But how many people watch ads on their personal devices, and how is that likely to affect the amount of money that corporations pour into promoting the sport in between the World Cup and the Olympics?

The television rights for soccer are rapidly increasing, though that may just be a function of the sports rights bubble (if you believe this to be a thing). NBC was happy enough with their EPL viewership, I'd say. It defies reality to argue soccer's popularity hasn't grown here over the last 10 years but I'd agree it hasn't "taken off" the way it gets hyped every 4 years. It's been a steady increase, though. Soccer bars in New York are getting more and more crowded. Cities are fighting for MLS franchises. CNNSI and ESPN are in some kind of cold war to attract readership to their soccer pages. I saw a kid in a Jose Bosingwa shirt the other day which would be the equivalent of a kid in Belgium wearing a Willie Bloomquist jersey. It was weird! Soccer is just part of the sporting landscape in America now.
   14. Jose Can Still Seabiscuit Posted: June 30, 2014 at 10:39 AM (#4739585)
I think the evidence is pretty strong that soccer is doing very well in this country. It may just be a changing demographic but simply looking at the TV contracts is a pretty good sign. As has been noted by others if "success" is only defined as being as big as the four majors then yeah, it's not successful (though hockey is far from a sure thing ahead of it) but soccer has certainly moved into the second tier of spectator sports. We are passed the time when we had to question if a major soccer league could be viable in the US. That's a step in the right direction for soccer.

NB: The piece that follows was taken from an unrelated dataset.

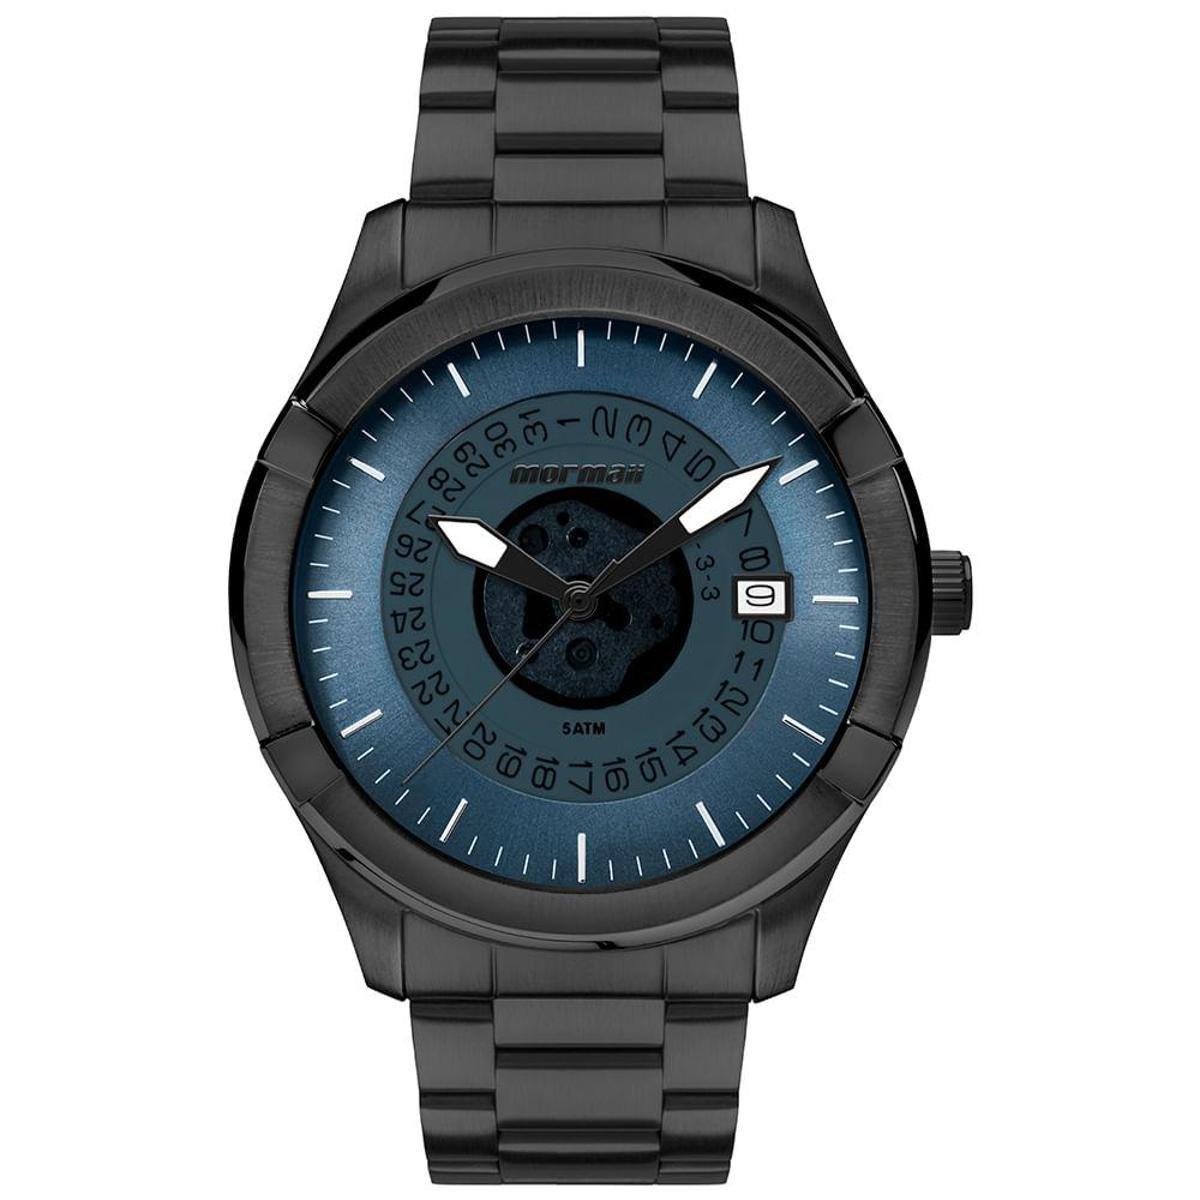 bdd47f2789119 Relógio Mormaii On The Road Masculino - Preto - Compre Agora

But how many people watch ads on their personal devices, and how is that likely to affect the amount of money that corporations pour into promoting the sport in between the World Cup and the Olympics?

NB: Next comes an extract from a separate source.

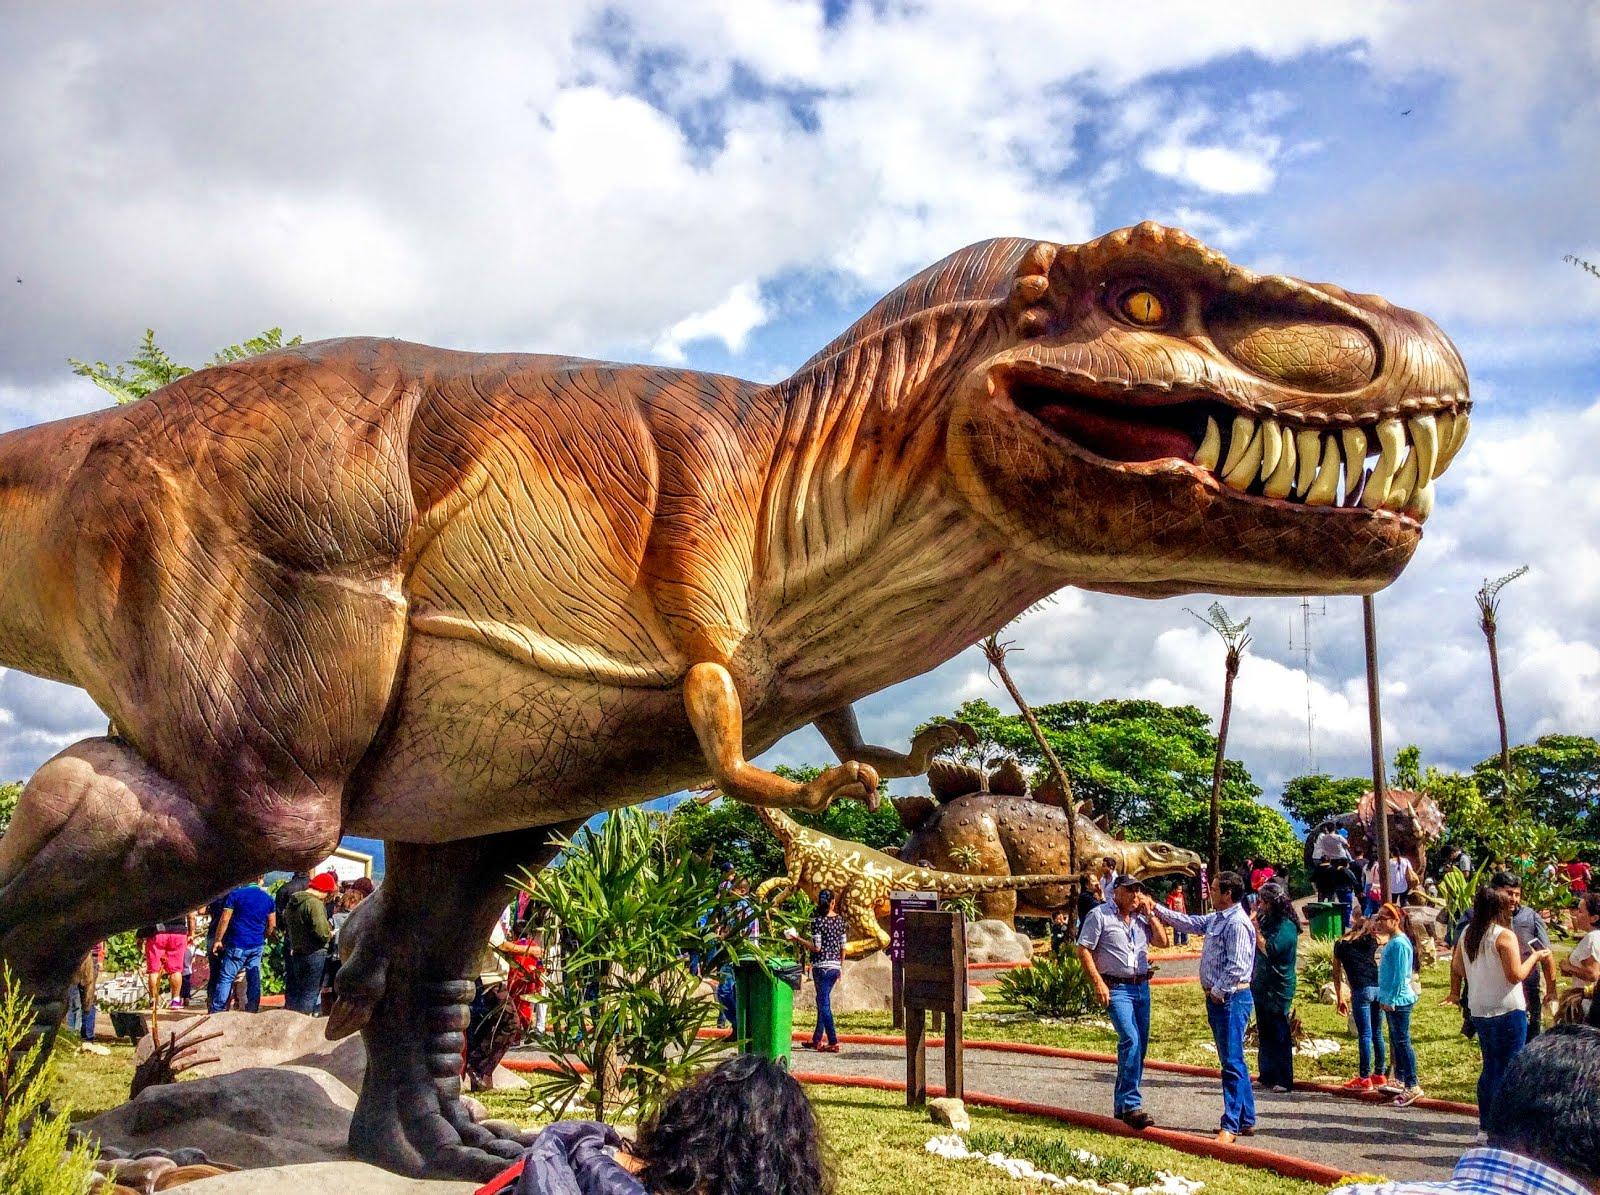 Visita con tu familia el nuevo Expo Parque Escamela en Orizaba

Recent TV contracts suggest "a whole ####### lot." Speaking for myself I actually watch ads on my mobile device more than on my TV. If I'm on my mobile device I'm kind of stuck, I have to see the ad. With my TV it is very easy to channel flip. If I'm watching an MLS game on the app (or MLB) when the ad comes on it is not as easy to make a channel switch and go back. For example on the NBC Sports app every time I switch games I have to sit through a 30 second ad first. If I'm going to watch the game there, I have to see the ad.
   15. Lassus Posted: June 30, 2014 at 10:39 AM (#4739586)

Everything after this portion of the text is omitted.